- [Work task]
Write out, exactly and in full, the line where "SARAH SPENCER Vintage" appears together with all lines that follow it in the entries below. Do not include pictures.

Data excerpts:
# # # #

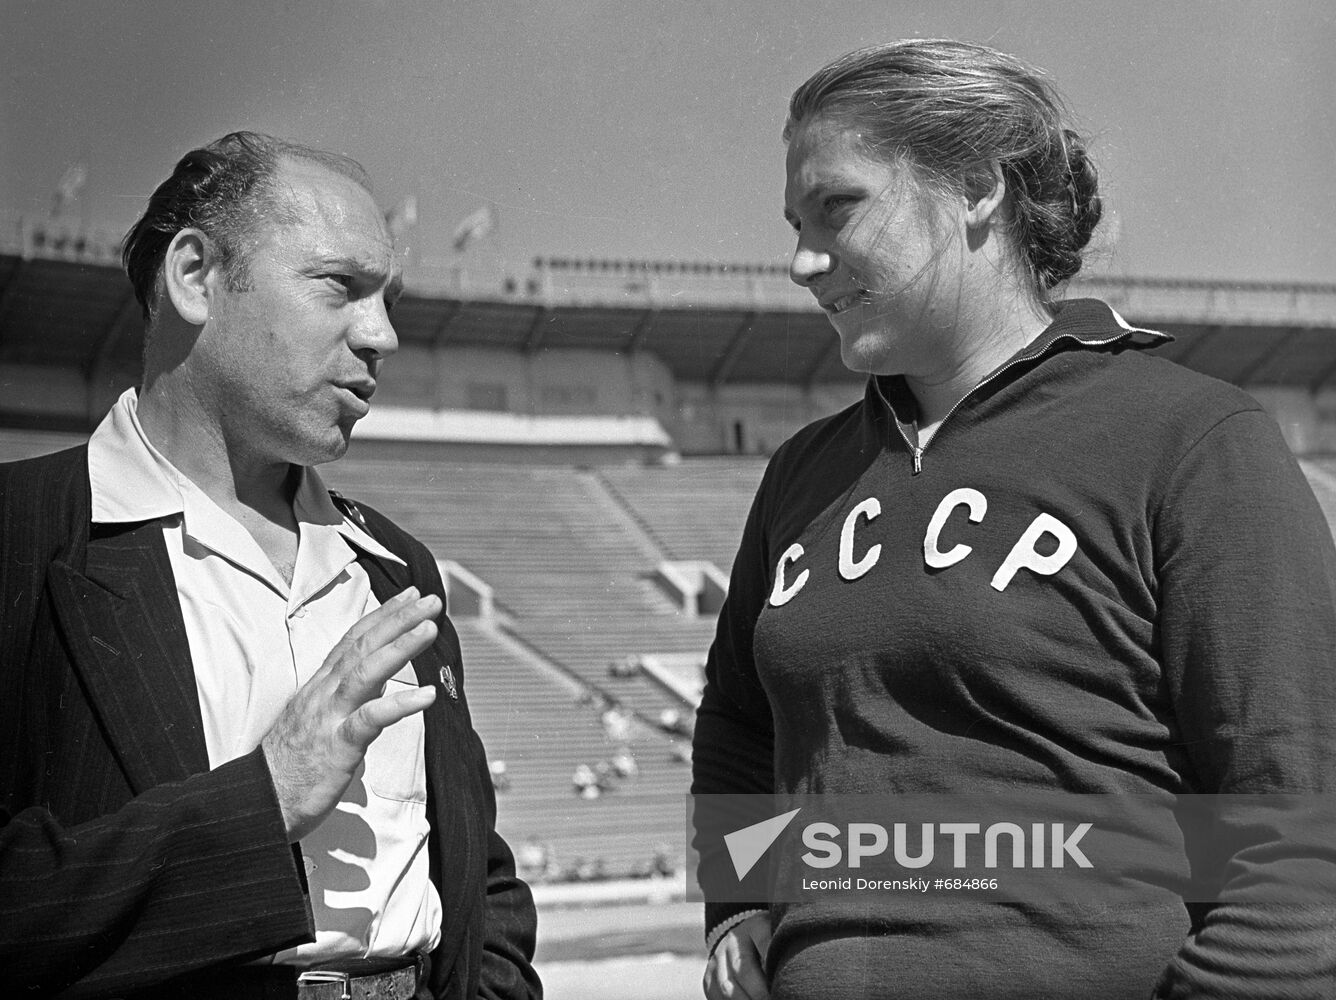 Athlete Tamara Press and coach Vitaly Alexeev
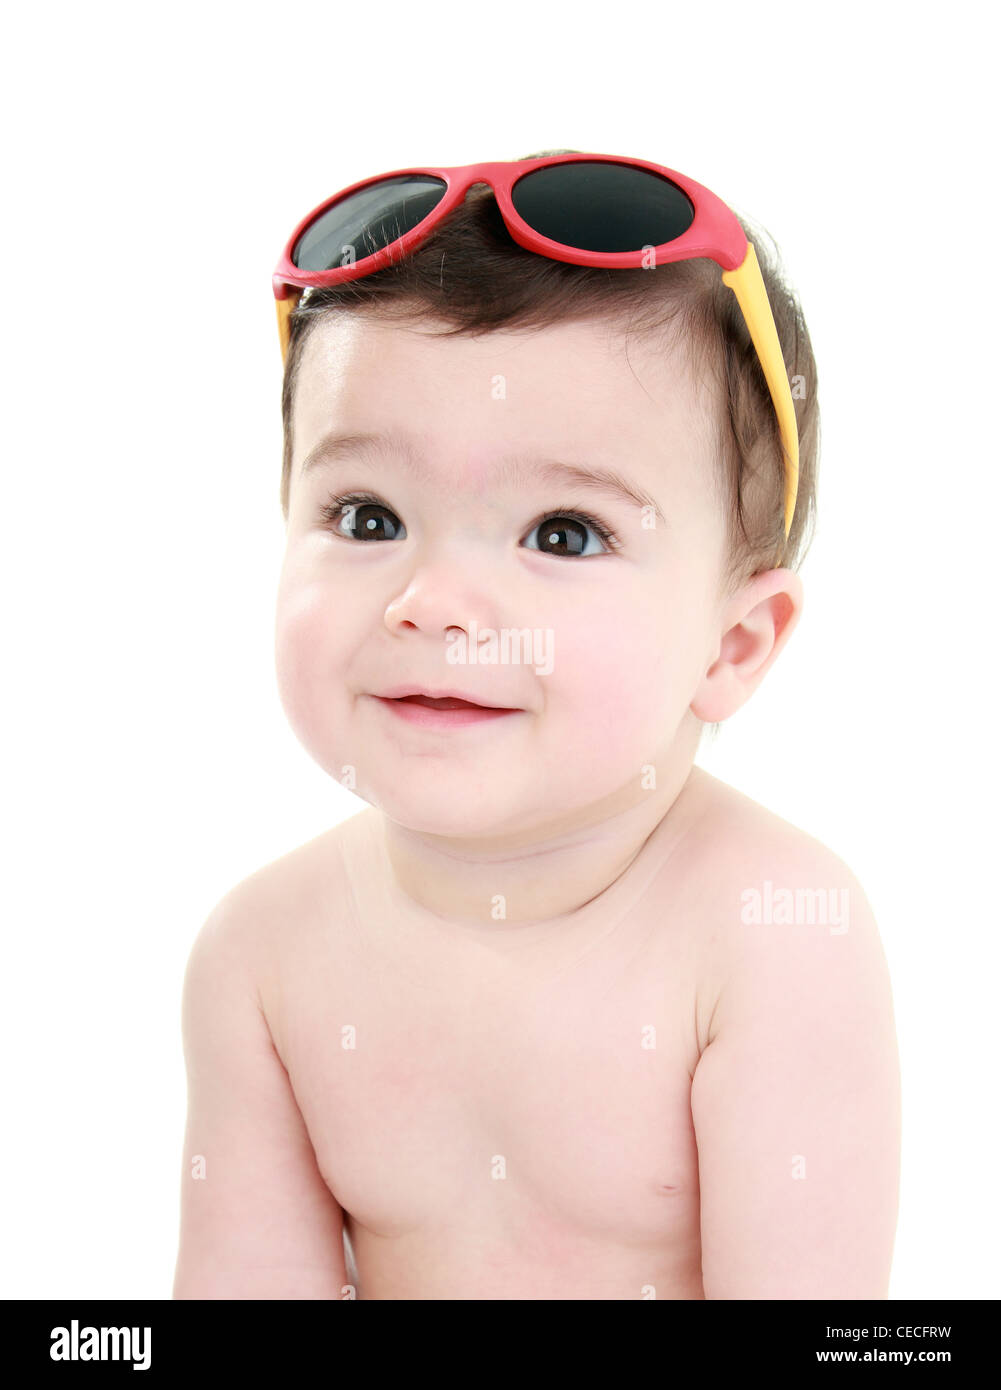 Baby Portrait Cute Baby Wearing Sunglasses Stock Photo Alamy
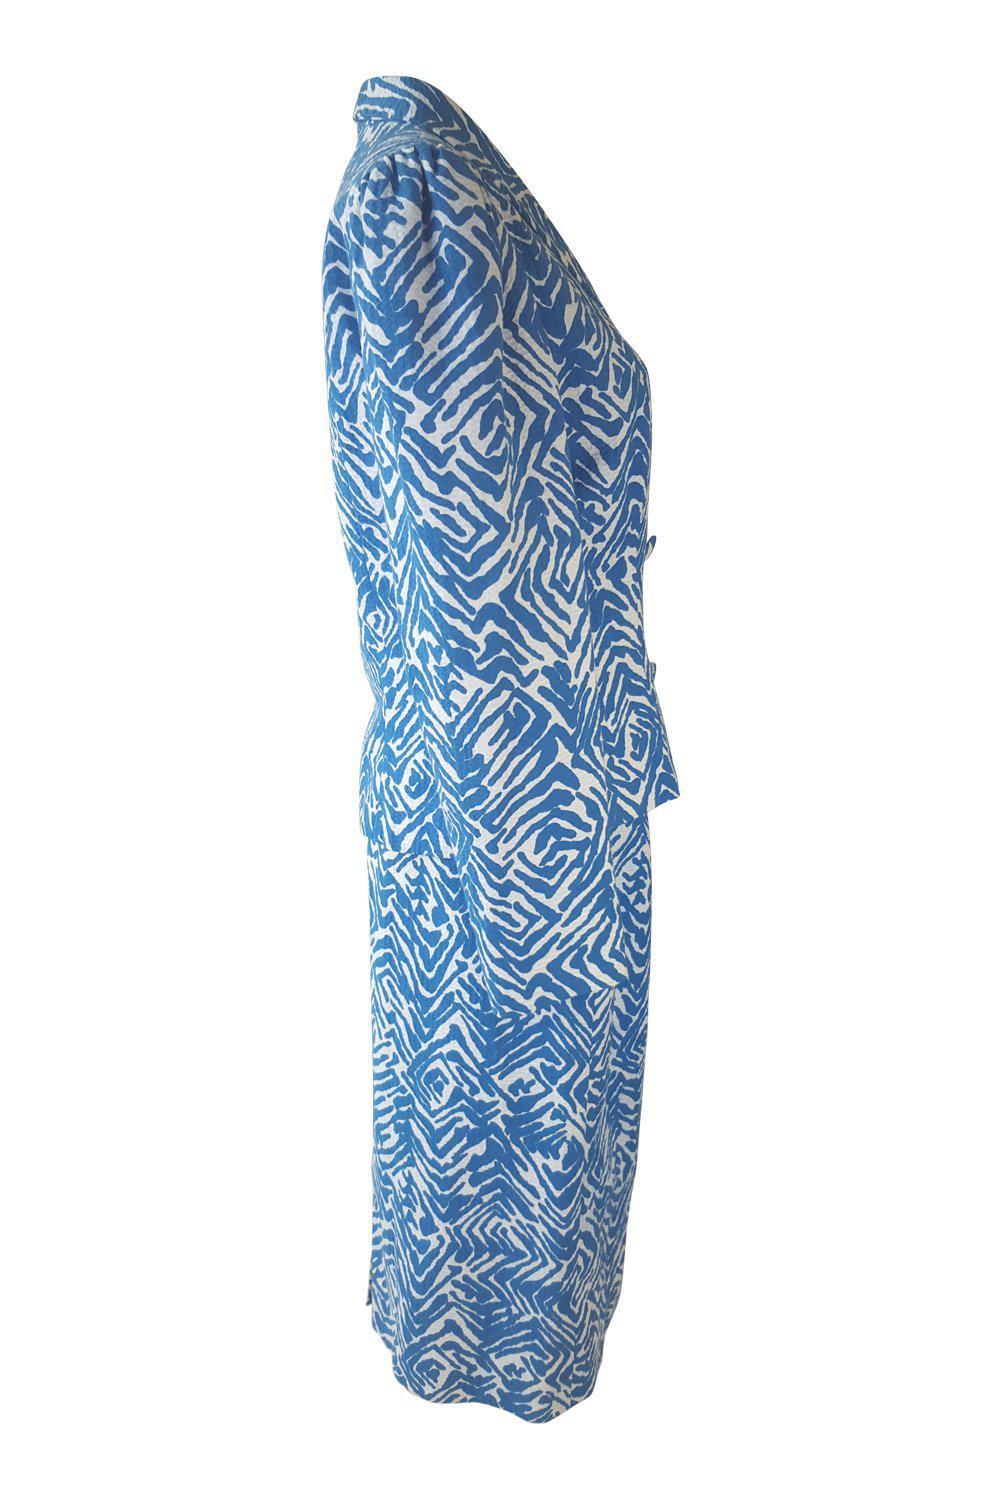 SARAH SPENCER Vintage Blue White Abstract Print Skirt Suit (12)-Sarah Spencer-The Freperie
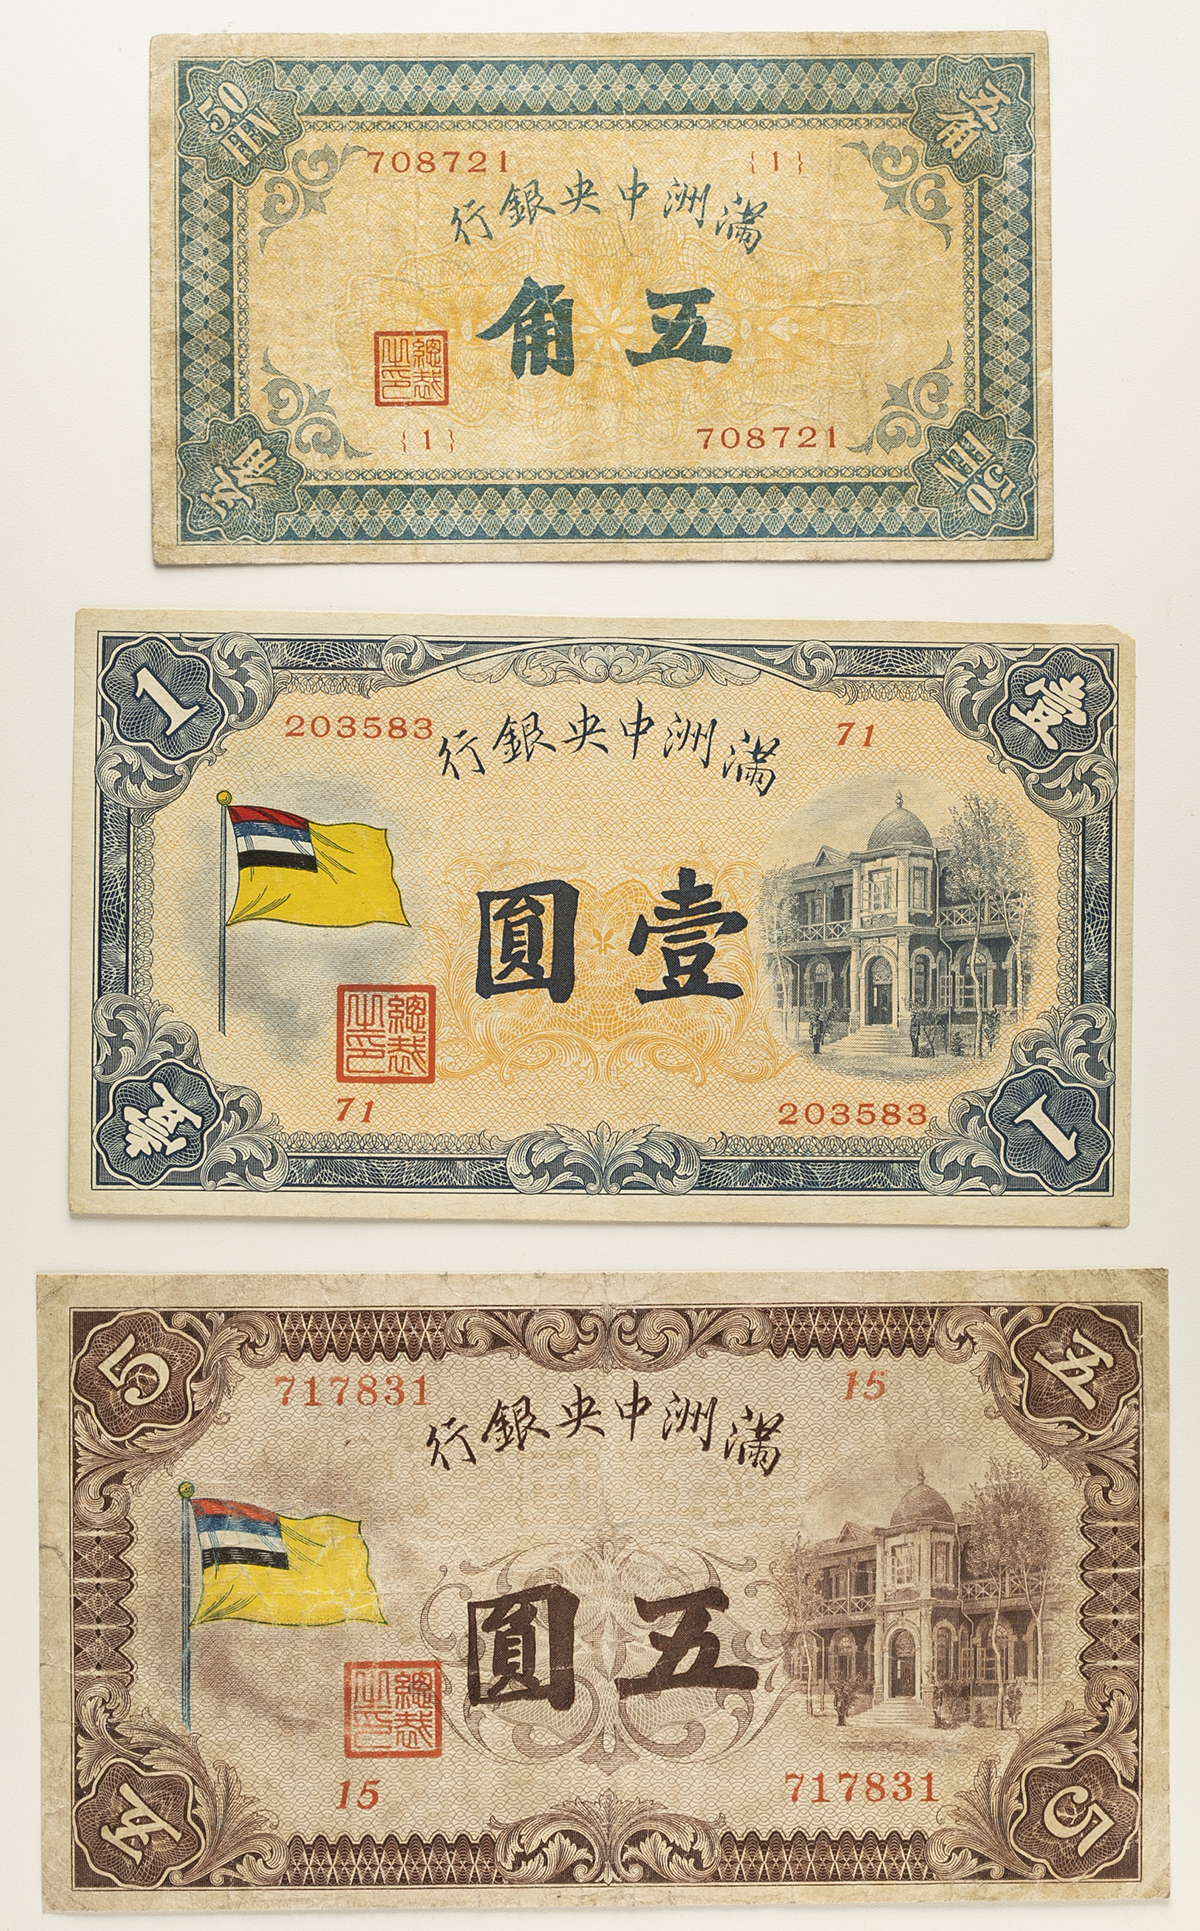 150212H19-0223H□エラー紙幣□満州中央銀行 丁号券5角 大ズレ印刷 
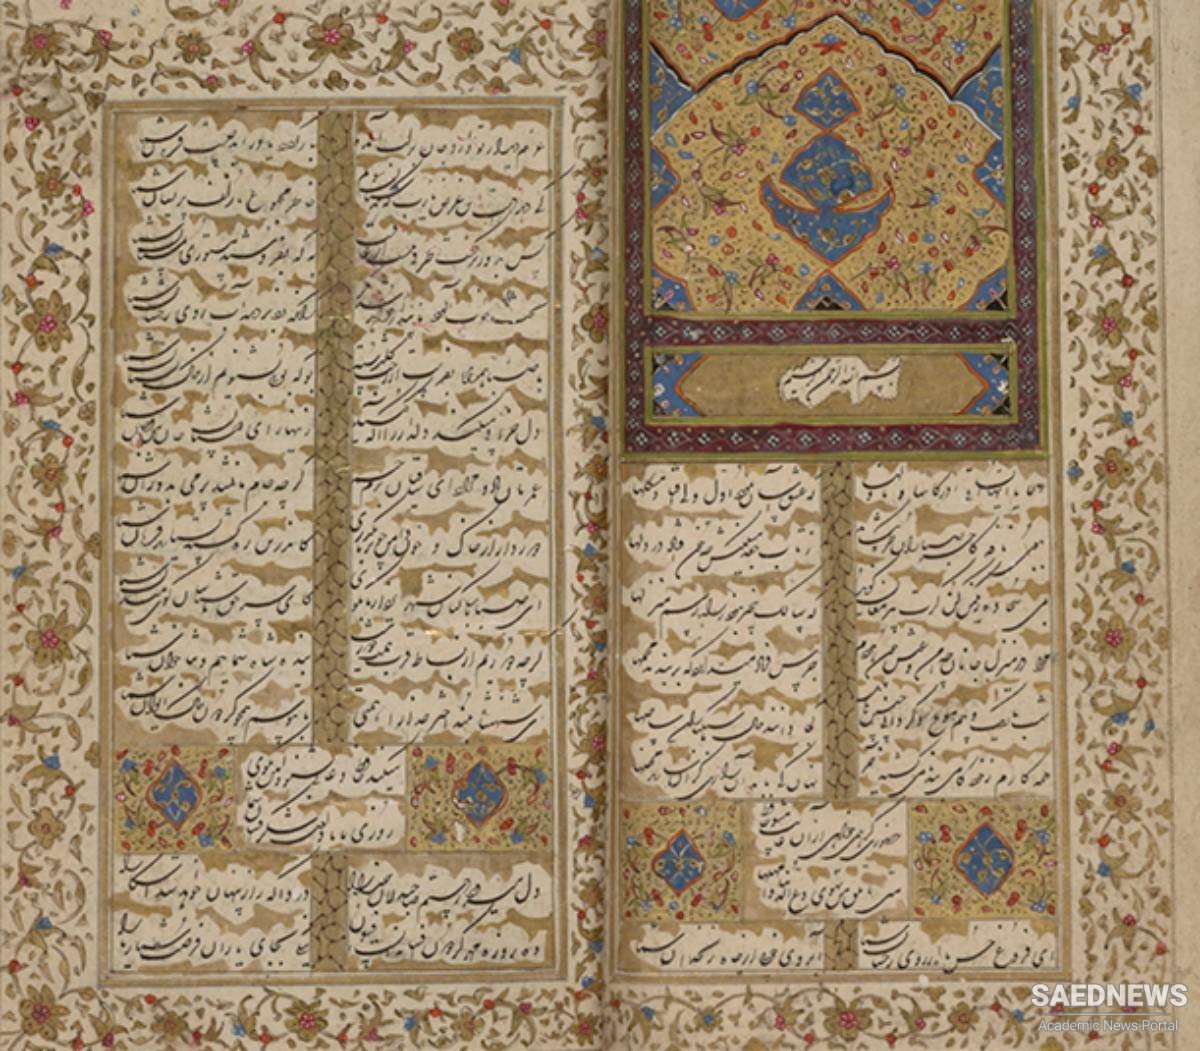 Literature as Part of Islamic Culture

# # # #

- [Solution]
 SARAH SPENCER Vintage Blue White Abstract Print Skirt Suit (12)-Sarah Spencer-The Freperie
 150212H19-0223H□エラー紙幣□満州中央銀行 丁号券5角 大ズレ印刷 
 Literature as Part of Islamic Culture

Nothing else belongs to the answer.